Advisor - Ron Sims, 435-797-3156
ron.sims@usu.edu



Abstract

Biofilm-based microalgal growth was determined as functions of organic chemical loading and water temperature utilizing dairy wastewater from a full-scale dairy farm.  The dairy industry is a significant source of wastewater worldwide that could provide an inexpensive and nutrient rich feedstock for the cultivation of algae biomass for use in downstream processing of animal feed and aquaculture applications.

Algal biomass was cultivated using a Rotating Algal Biofilm Reactor (RABR) system.  The RABR is a biofilm-based technology that has been designed and used to remediate municipal wastewater, and was applied to treat dairy wastewater, through nutrient uptake, and simultaneously provide biomass for the production of renewable bioproducts.
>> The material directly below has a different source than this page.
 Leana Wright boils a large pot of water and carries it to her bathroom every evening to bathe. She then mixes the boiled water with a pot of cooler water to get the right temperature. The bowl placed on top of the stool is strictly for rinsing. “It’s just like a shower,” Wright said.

Algal biomass was grown at temperatures ranging from 7-27 °C, and organic carbon concentrations ranging from 300-1200 mg/L of Total Organic Carbon (TOC). Aerial algal biofilm growth rates were calculated, and analysis of Variance (ANOVA) calculations indicated that both the temperature of the wastewater and the level of organic carbon contributed significantly to the rate of biomass growth in the system. However, the interaction of temperature and organic carbon content was not significantly related to the biofilm-based growth rate.

Equations were developed using an Arrhenius linearization and temperature correction coefficient that can be used to evaluate algal biomass productivity and nutrient removal rates in future experiments and designs for dairy wastewater.